What you should do. Your task is to restate word for word the lines in the material below, from the one with "Miu Miu Grey Wool Blend Sweater - image 3" up to and including the one with "Brilliant Cut 18". Do not carry over the pictures.

Data shown.
★ ★ ★ ★ ★ ★ ★
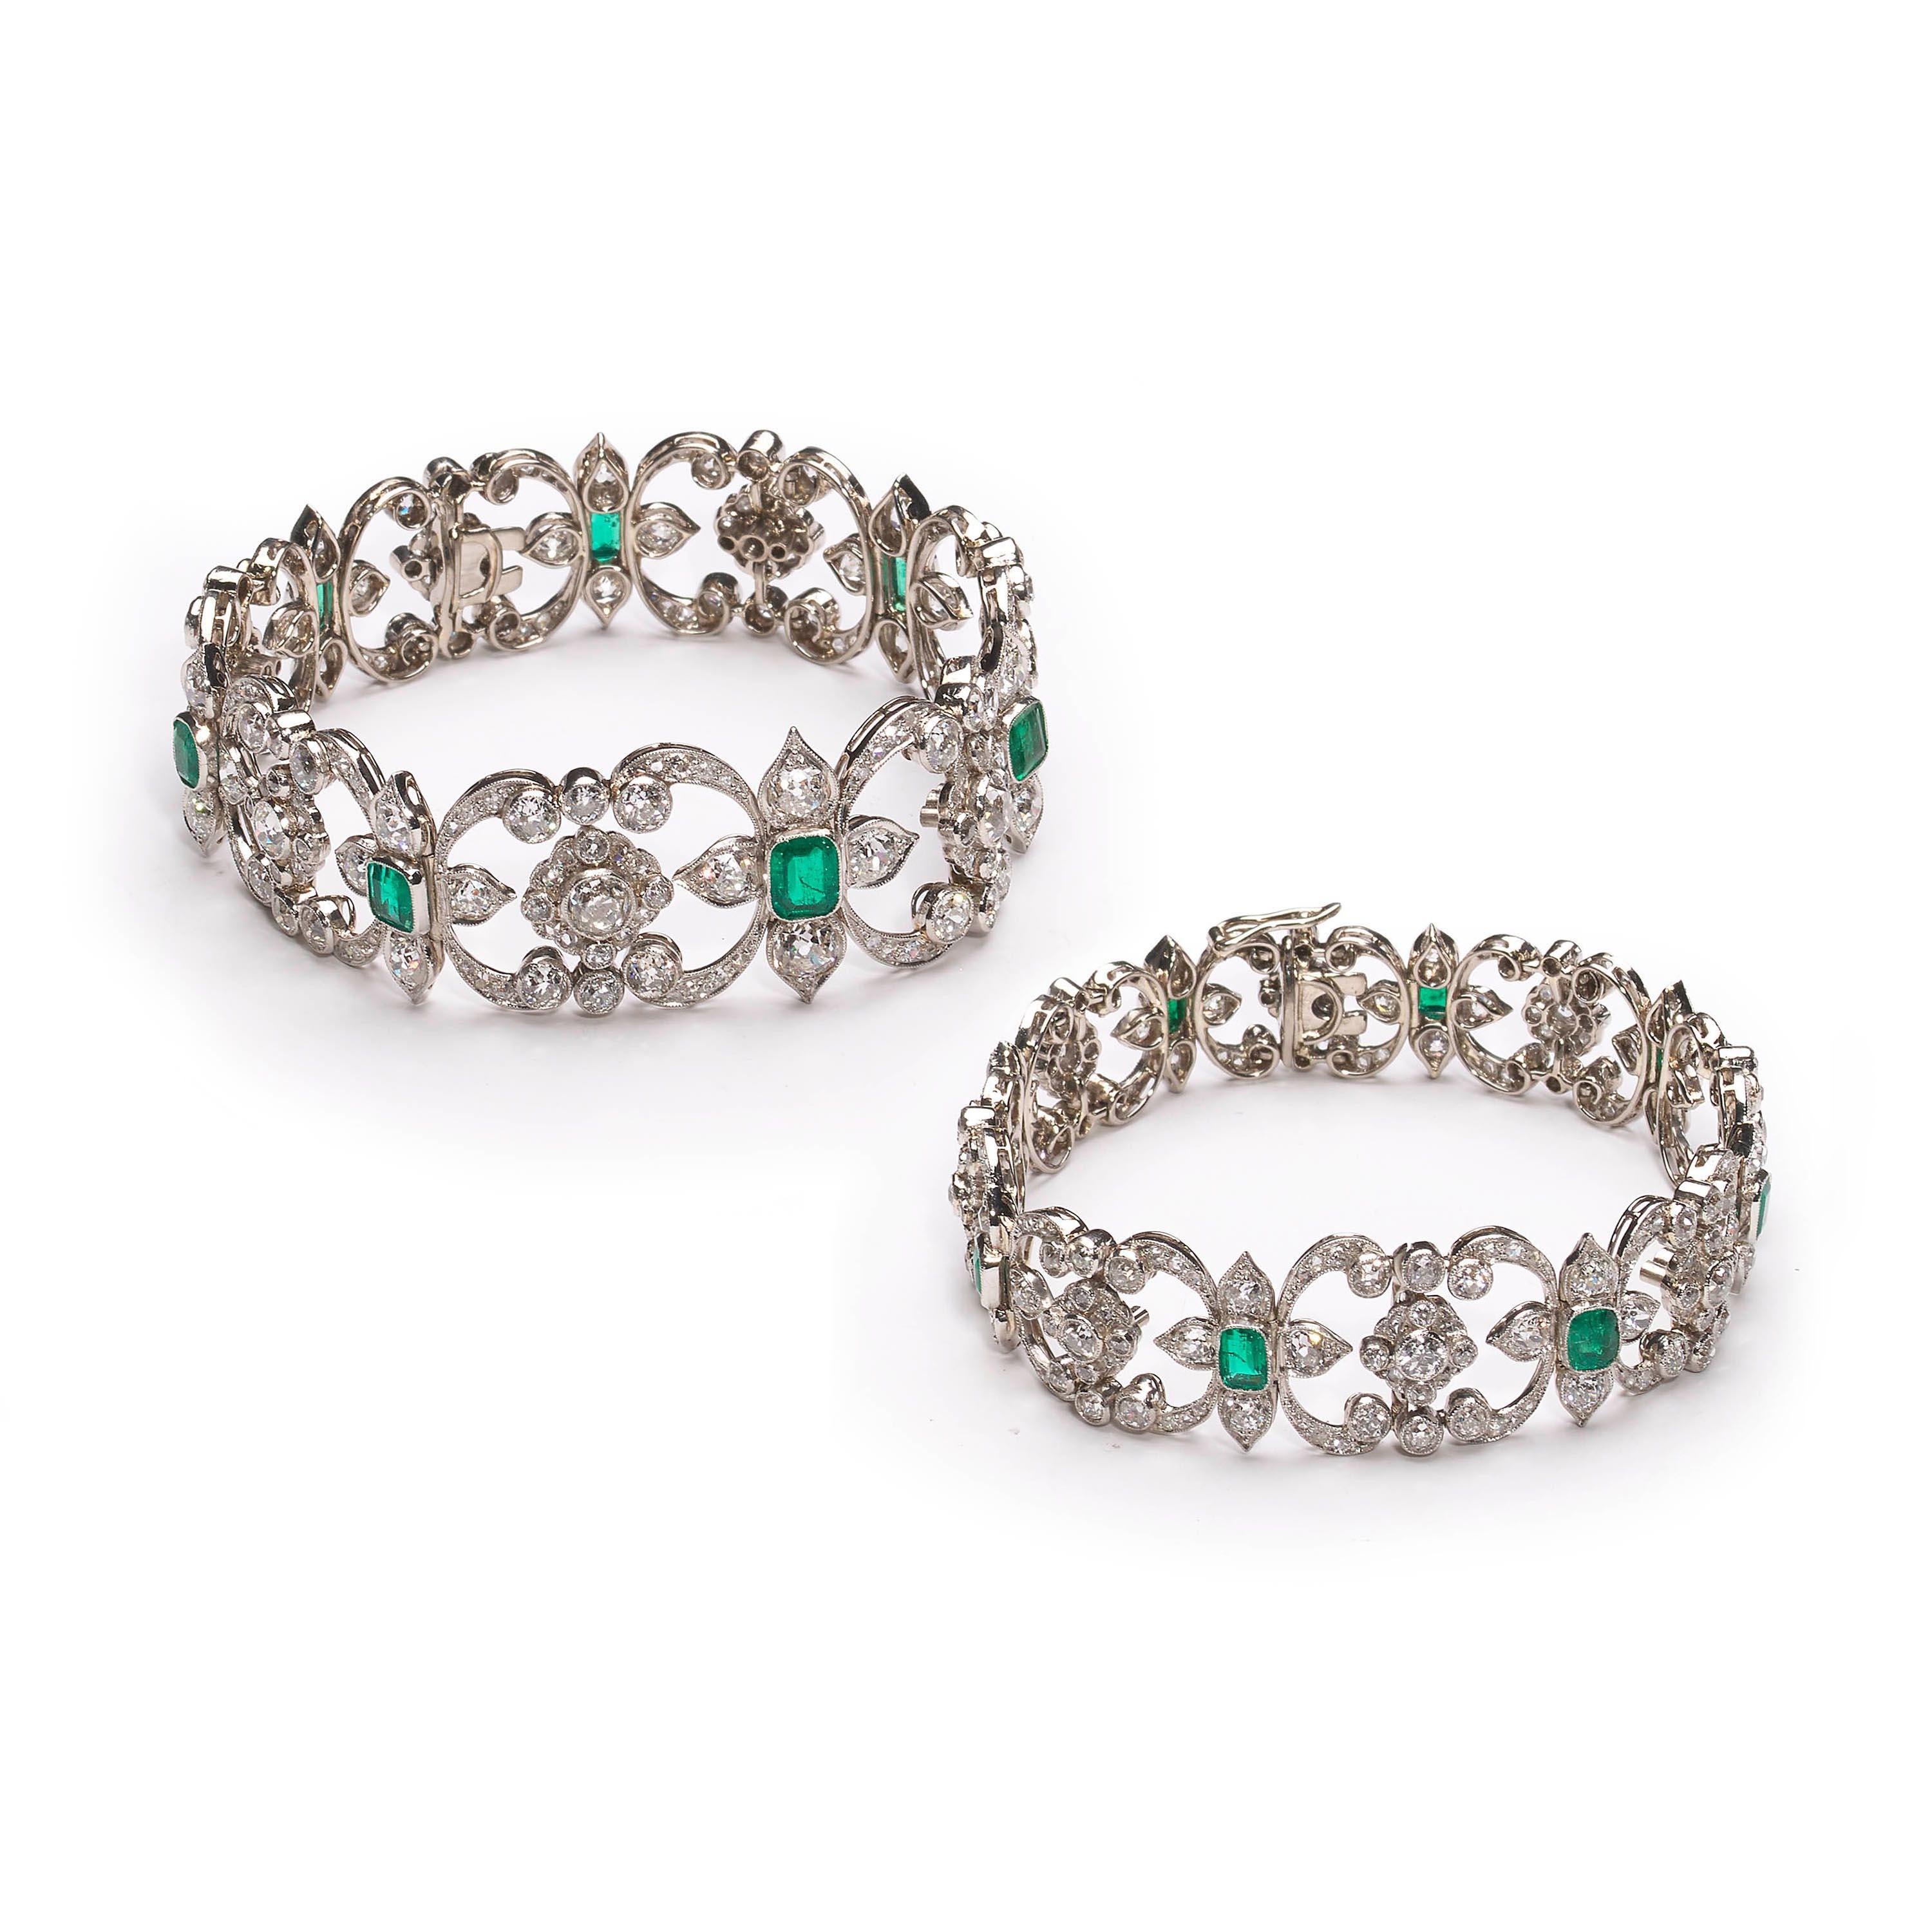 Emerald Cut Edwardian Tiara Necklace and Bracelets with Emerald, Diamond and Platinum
★ ★ ★ ★ ★ ★ ★
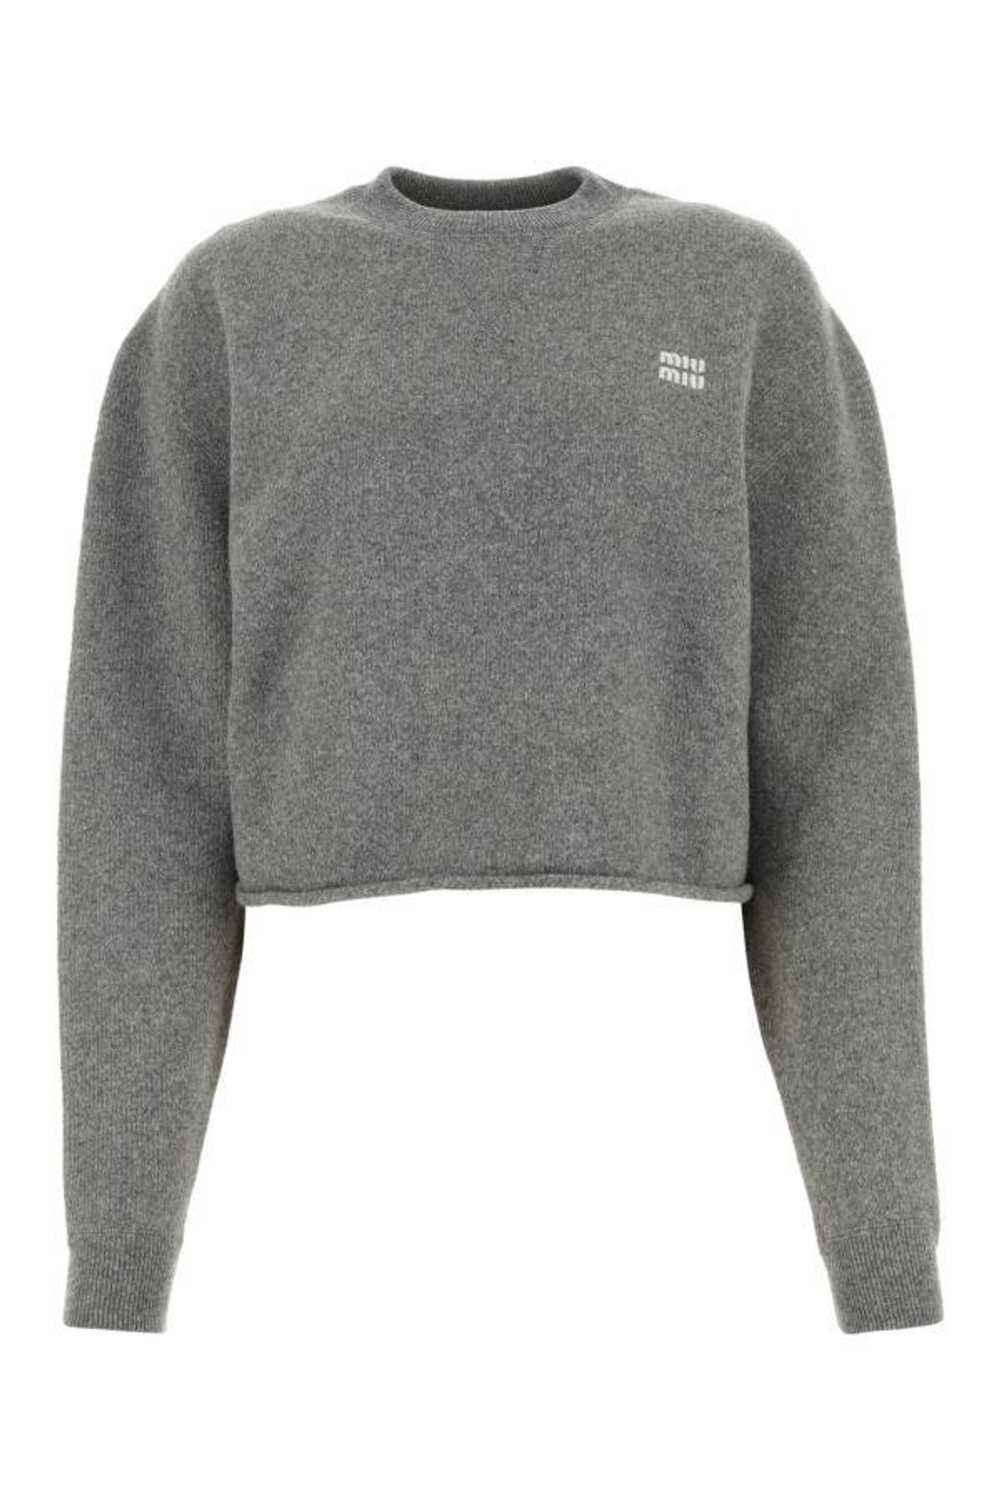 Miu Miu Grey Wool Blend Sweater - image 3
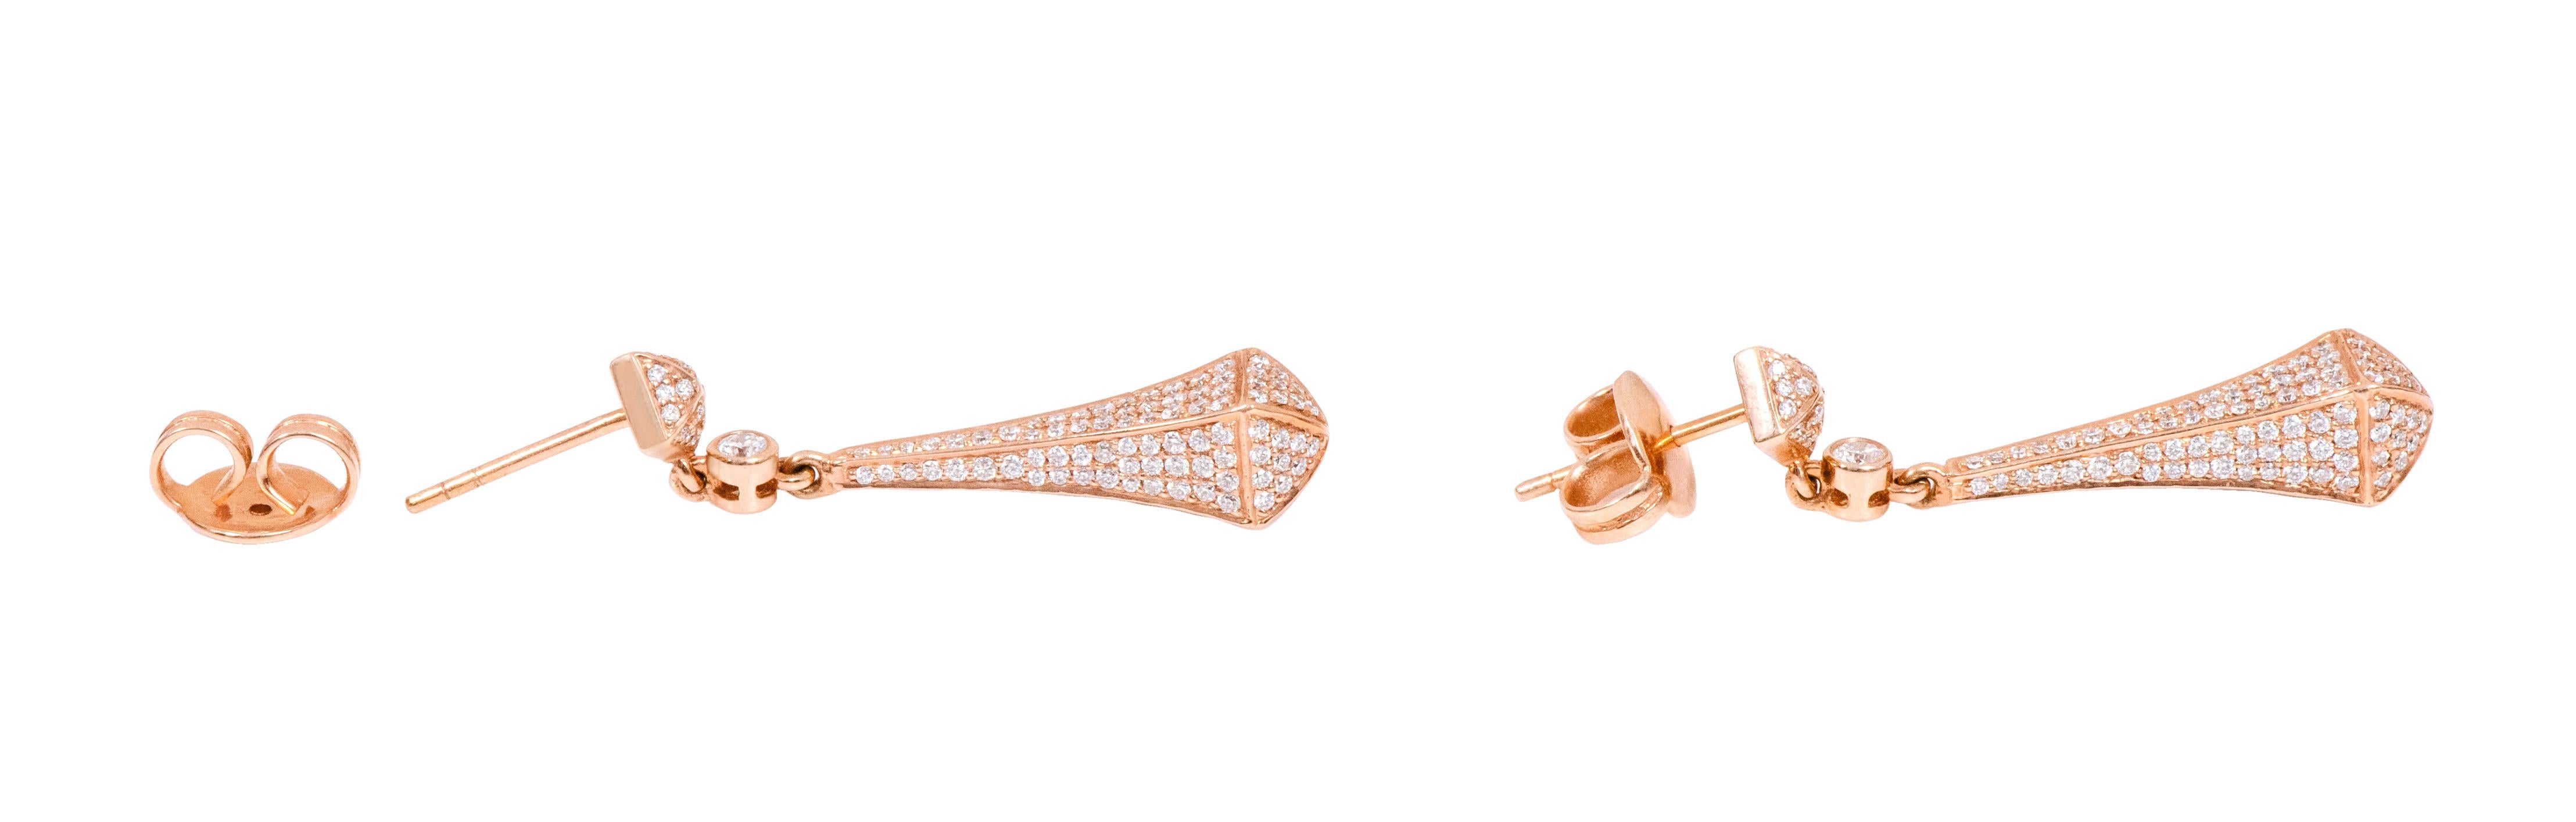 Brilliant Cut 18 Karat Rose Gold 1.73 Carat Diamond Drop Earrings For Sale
★ ★ ★ ★ ★ ★ ★
Task result.
 Miu Miu Grey Wool Blend Sweater - image 3
 Brilliant Cut 18 Karat Rose Gold 1.73 Carat Diamond Drop Earrings For Sale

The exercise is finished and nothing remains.